To: Dennis 3 who wrote (47528)4/19/2012 2:24:35 PM
From: Jurgis Bekepuris  Respond to of 78628
 
I agree with you. IBM is not cheap here, but perhaps it's still OK long-term holding (as Buffett's purchase indicates). HPQ is attractive if they can clean up the management and company direction. I am still uncertain if they are on the right track.



To: Dennis 3 who wrote (47528)4/19/2012 3:29:18 PM
From: Spekulatius  Read Replies (2) | Respond to of 78628
 
Dennis 3
The balance sheet metrics are misleading - when looking at HPQ vs DELL. DELL has a similar D/E ratio than HPQ but that is because HPQ E is bloated by merger related goodwill.
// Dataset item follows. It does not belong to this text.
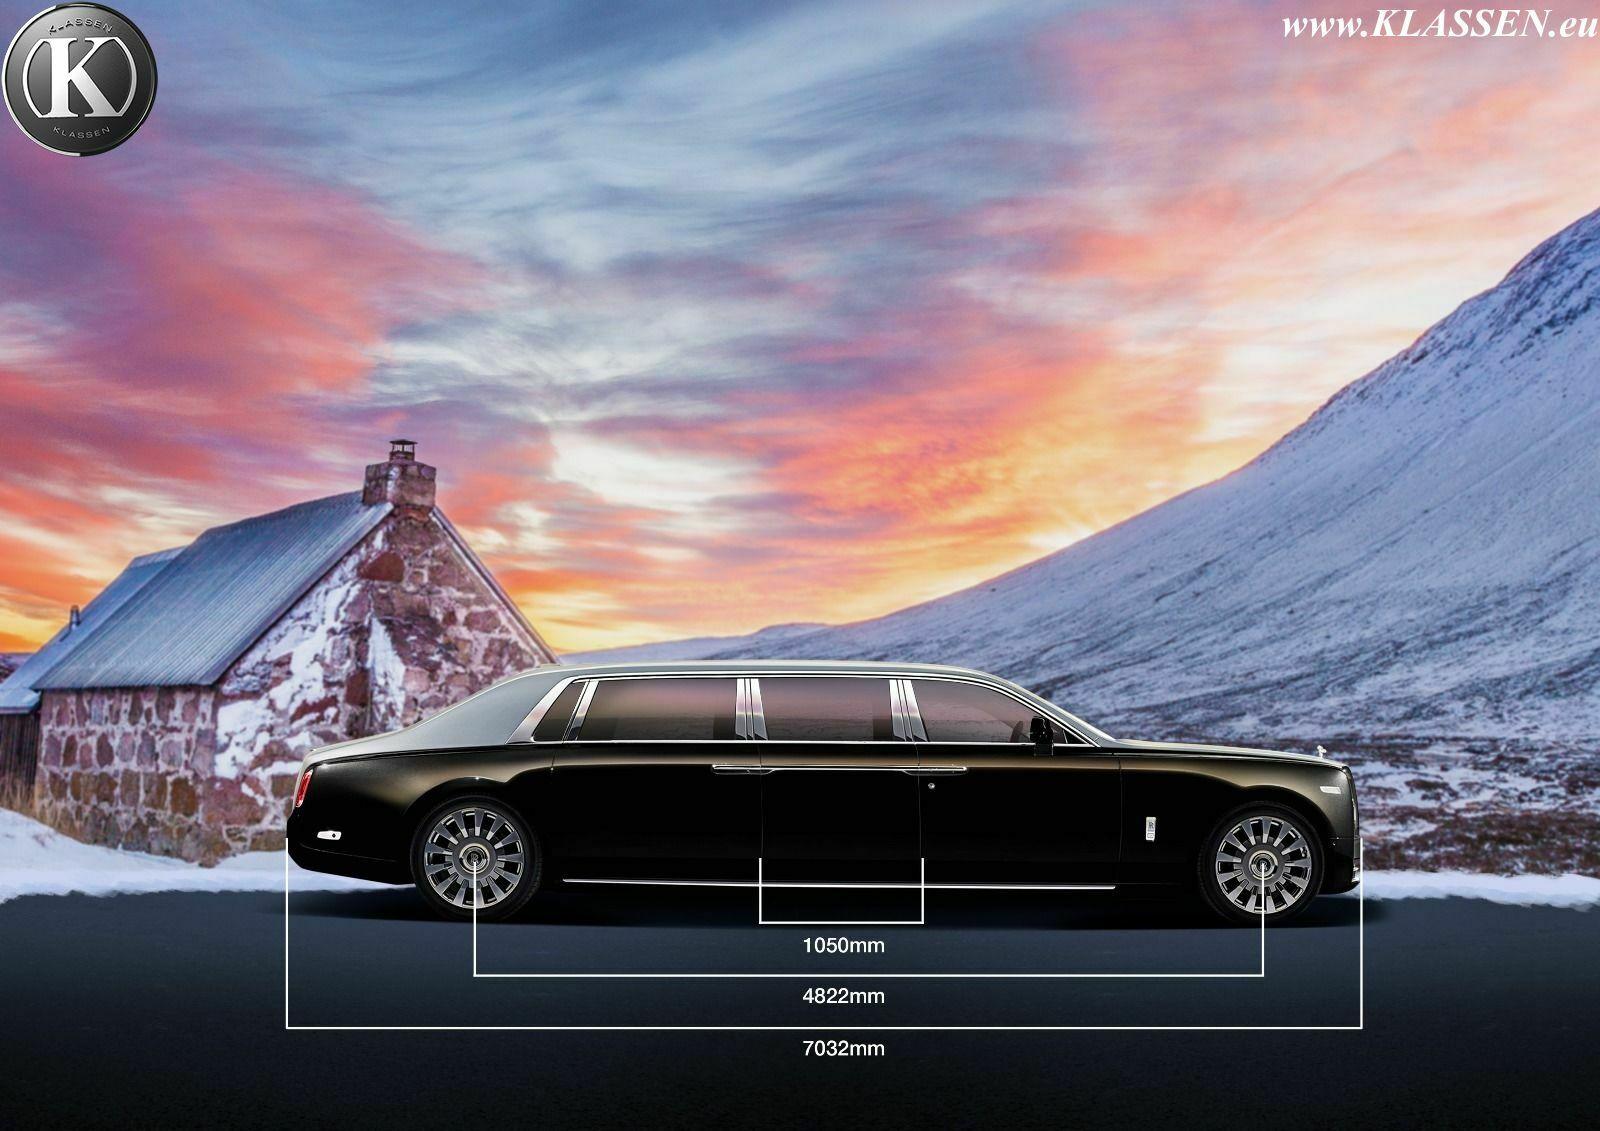 Rolls-Royce-Phantom-by-Klassen-6
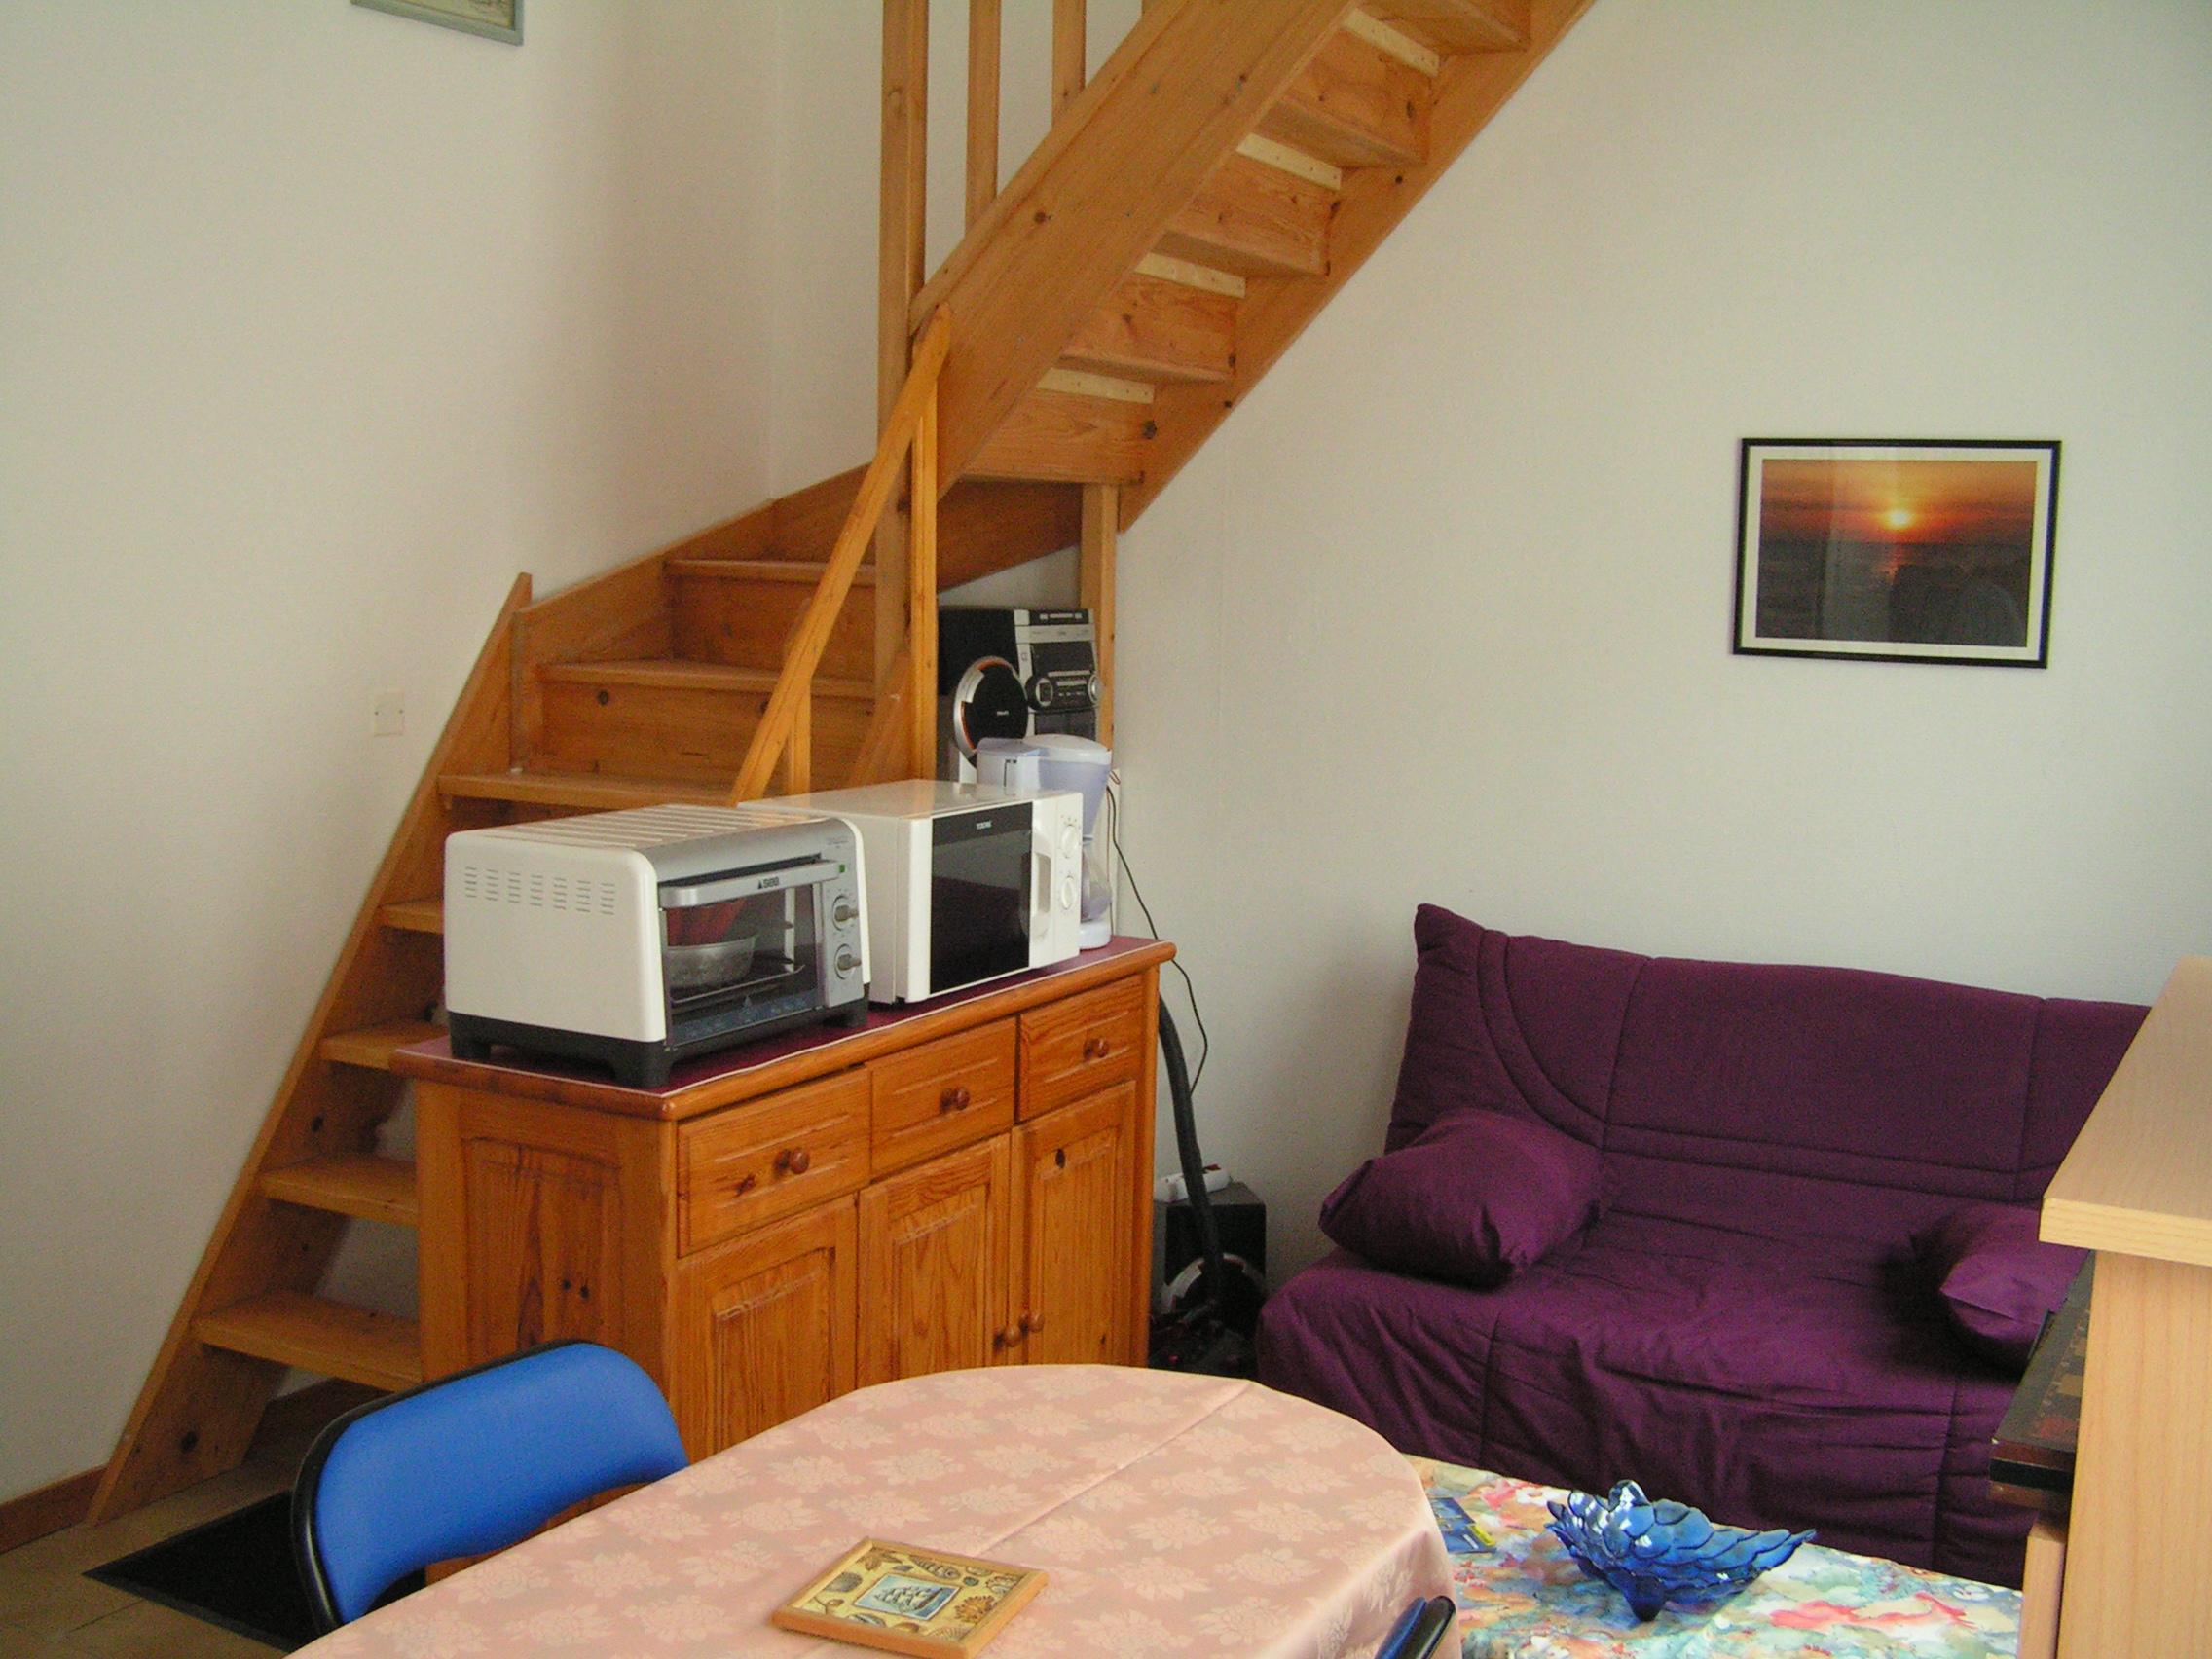 Saujon 17 thermes location studio meuble 30 m2 location de meubl s de tourisme saujon - Location studio meuble perpignan ...

HPQ more meaningful tangible equity is at -16B$.

DELL's balance sheet look great, cash is 2x the LT debt, while HPQ balance sheet looks like crap.



To: Dennis 3 who wrote (47528)4/19/2012 3:53:42 PM
From: research1234  Read Replies (1) | Respond to of 78628
 
I could be wrong, but I think IBM is much more of a consulting/software company than either Dell of HP, which would explain the higher earnings, p/s and p/b multiples as well as higher ROE. And consulting tends to generate much higher returns than hardware/software maintenence, which I think makes up the bulk of HP and Dell non-equipment revenue.